--- Collected material ---

——————————

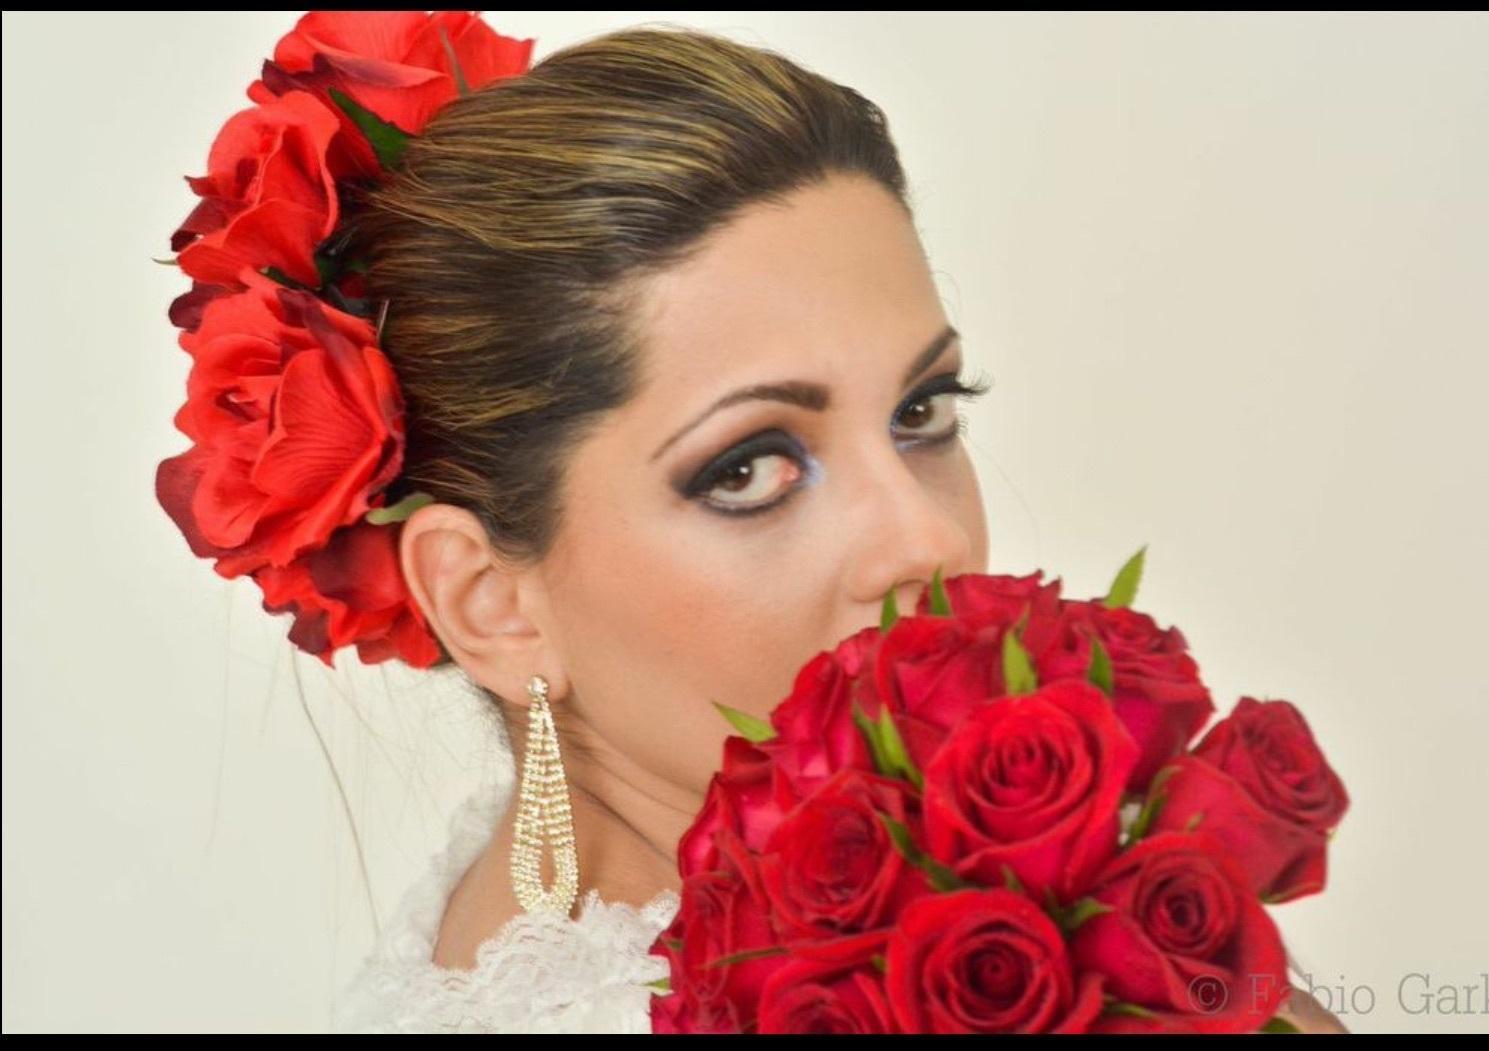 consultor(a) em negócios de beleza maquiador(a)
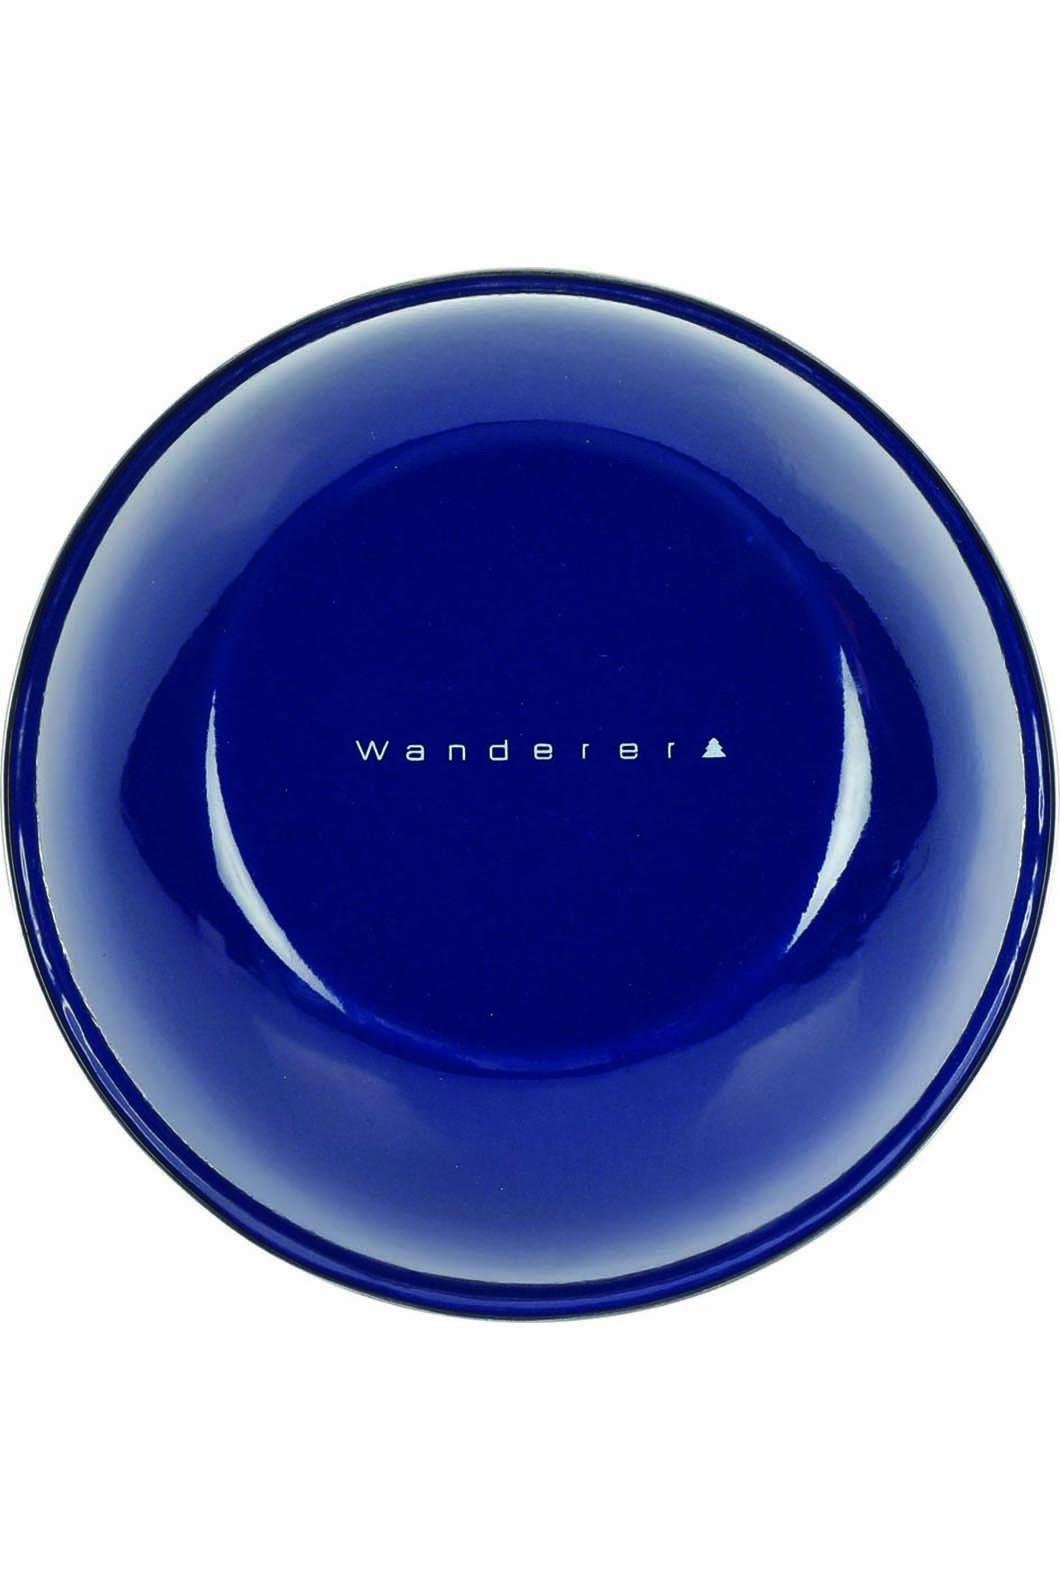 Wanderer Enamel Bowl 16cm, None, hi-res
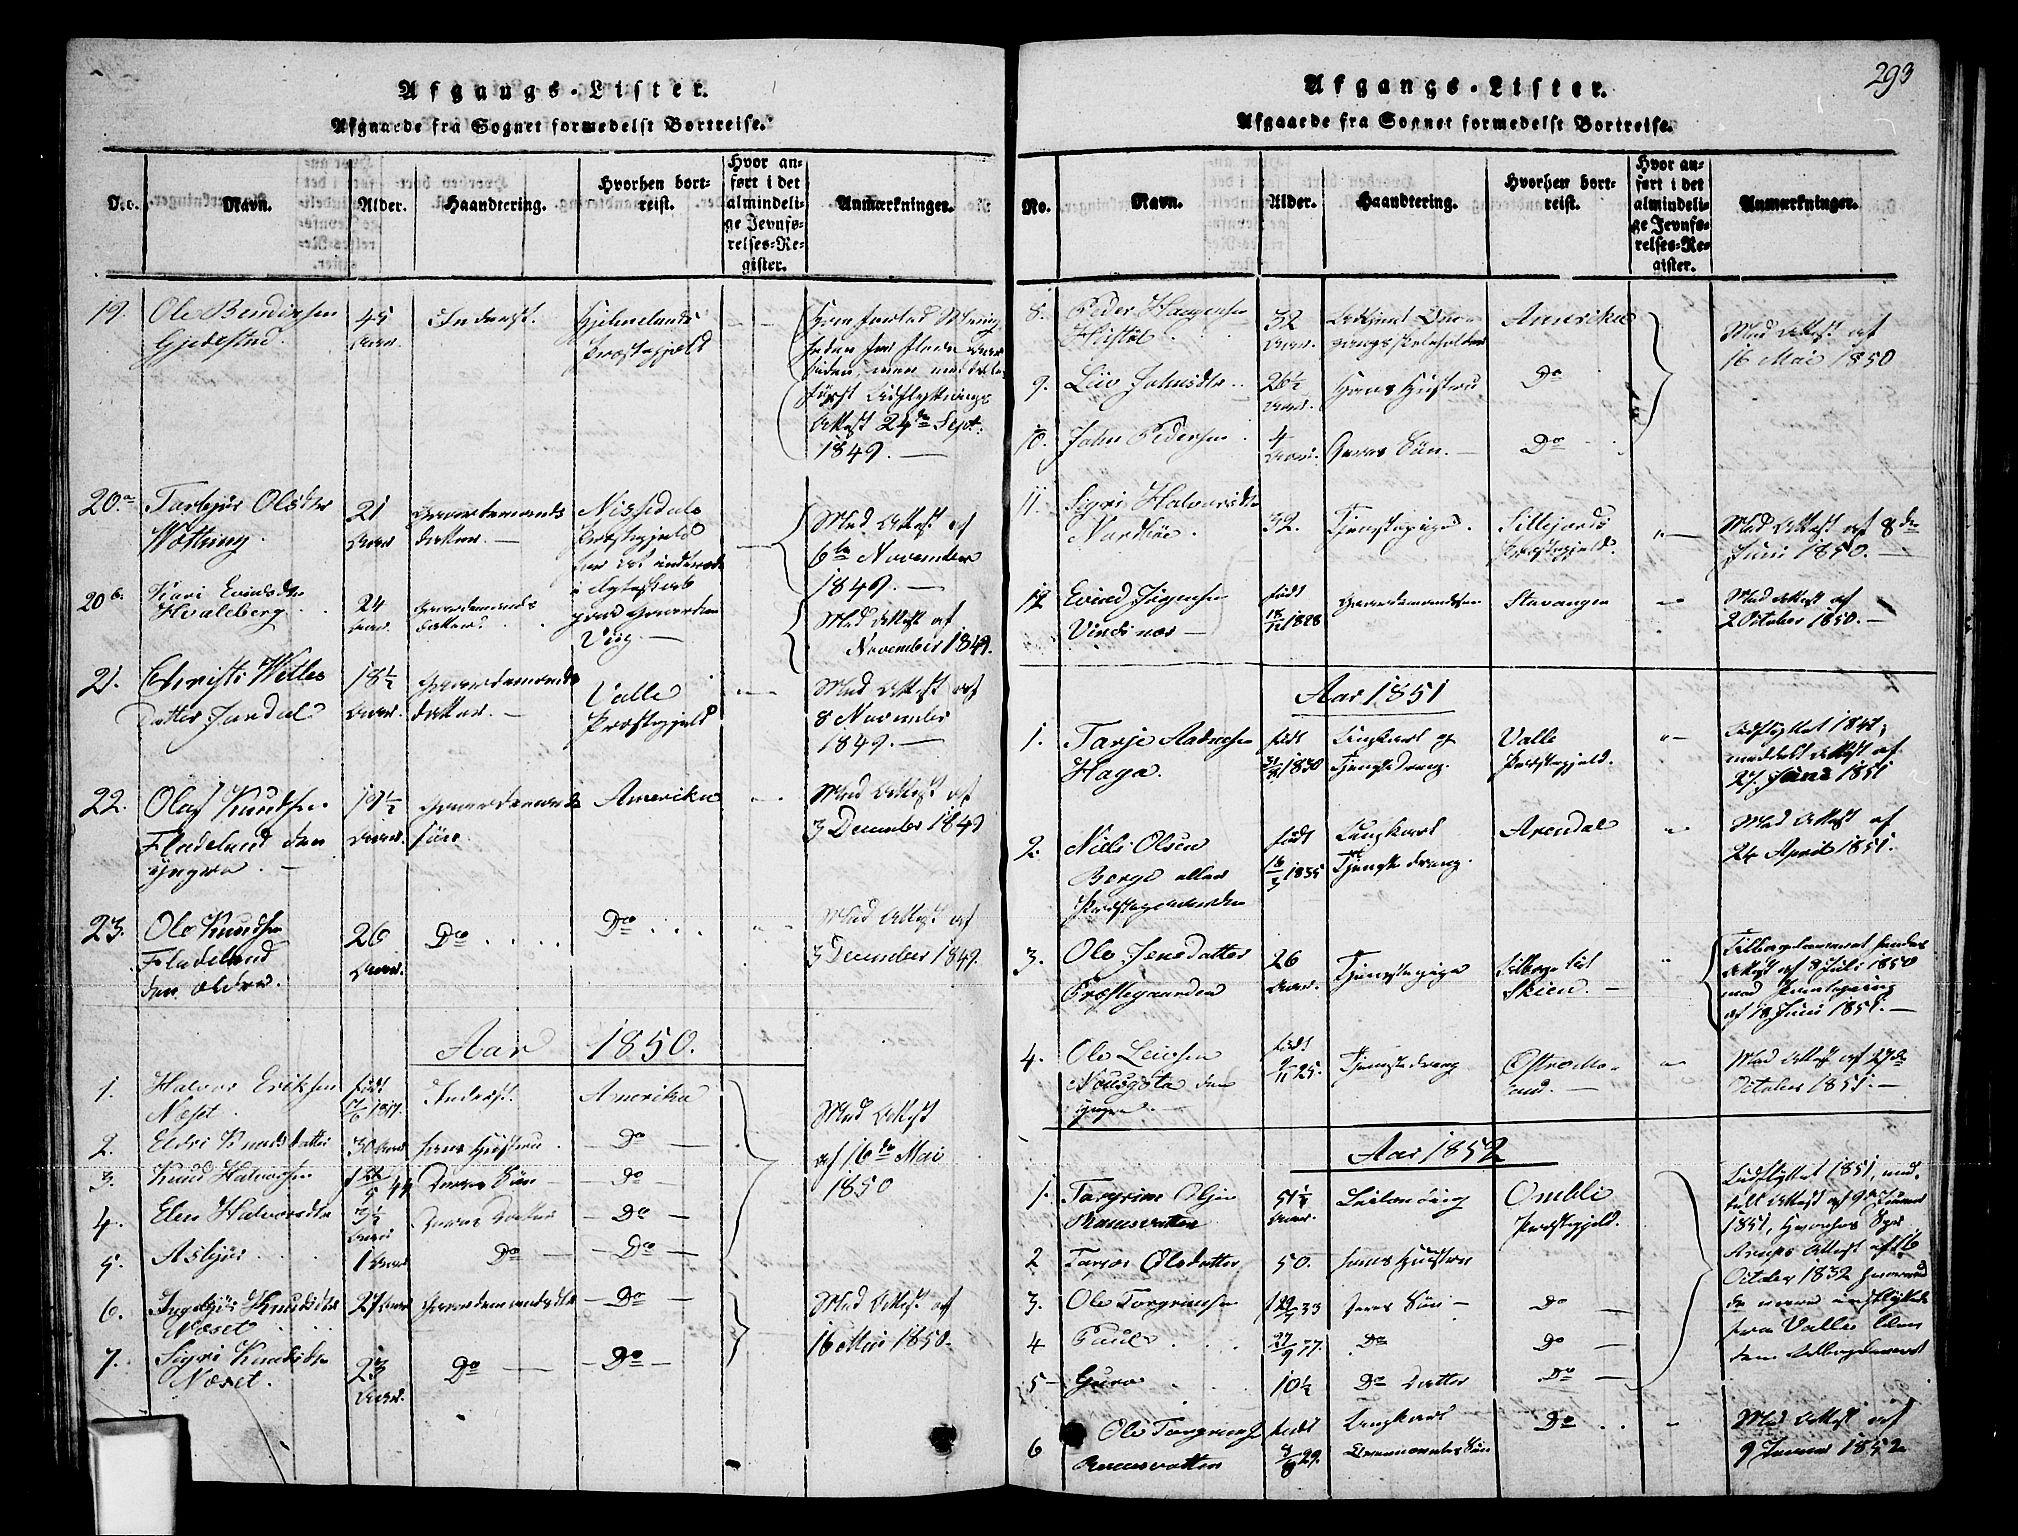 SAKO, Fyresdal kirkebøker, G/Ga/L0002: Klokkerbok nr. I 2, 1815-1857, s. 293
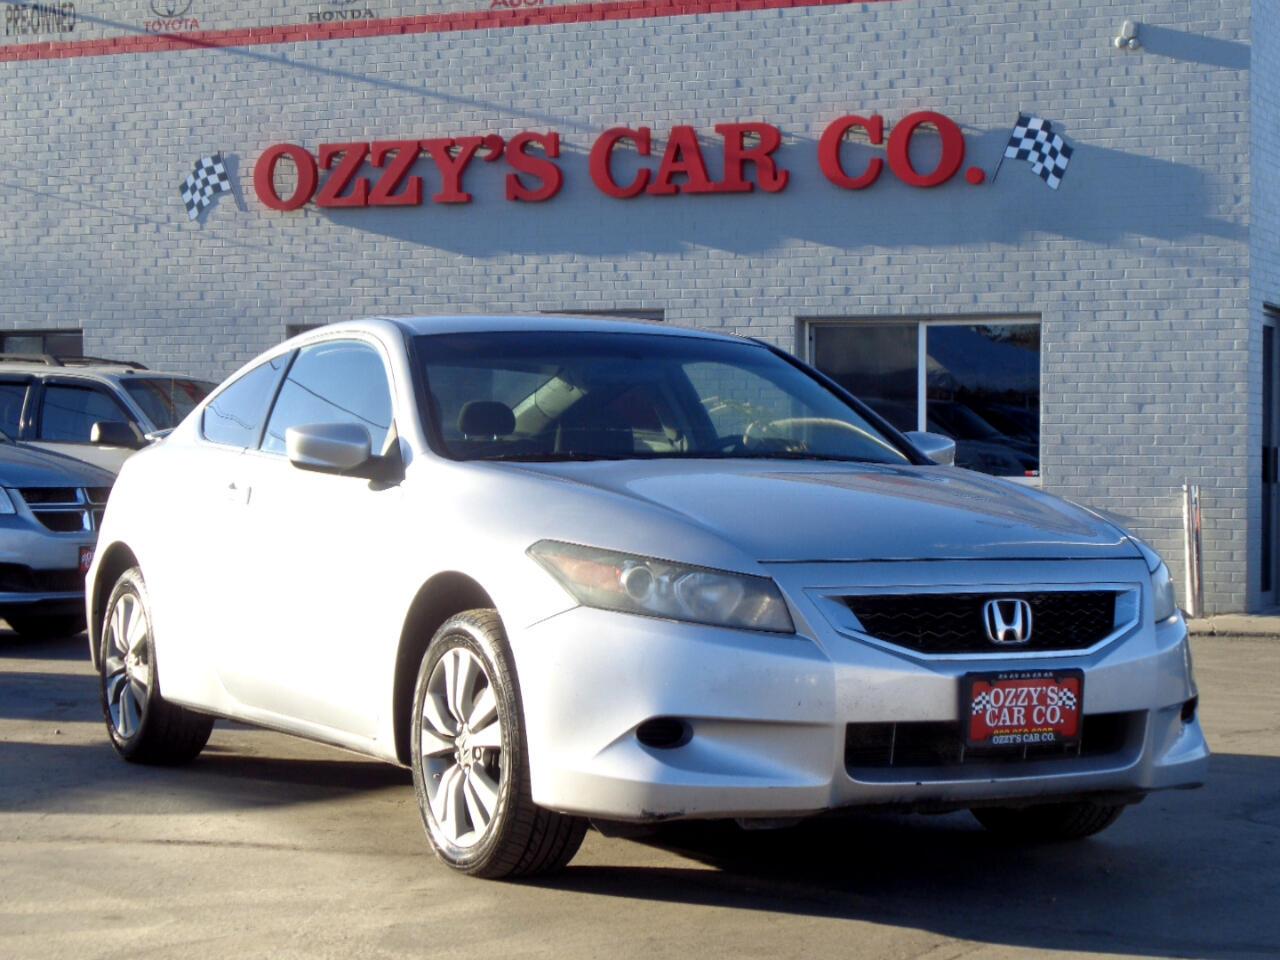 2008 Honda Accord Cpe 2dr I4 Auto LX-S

——————————

The required output is the listing above reproduced exactly, pictures removed.

--- Response to this task ---
 consultor(a) em negócios de beleza maquiador(a)
 Wanderer Enamel Bowl 16cm, None, hi-res
 SAKO, Fyresdal kirkebøker, G/Ga/L0002: Klokkerbok nr. I 2, 1815-1857, s. 293
 2008 Honda Accord Cpe 2dr I4 Auto LX-S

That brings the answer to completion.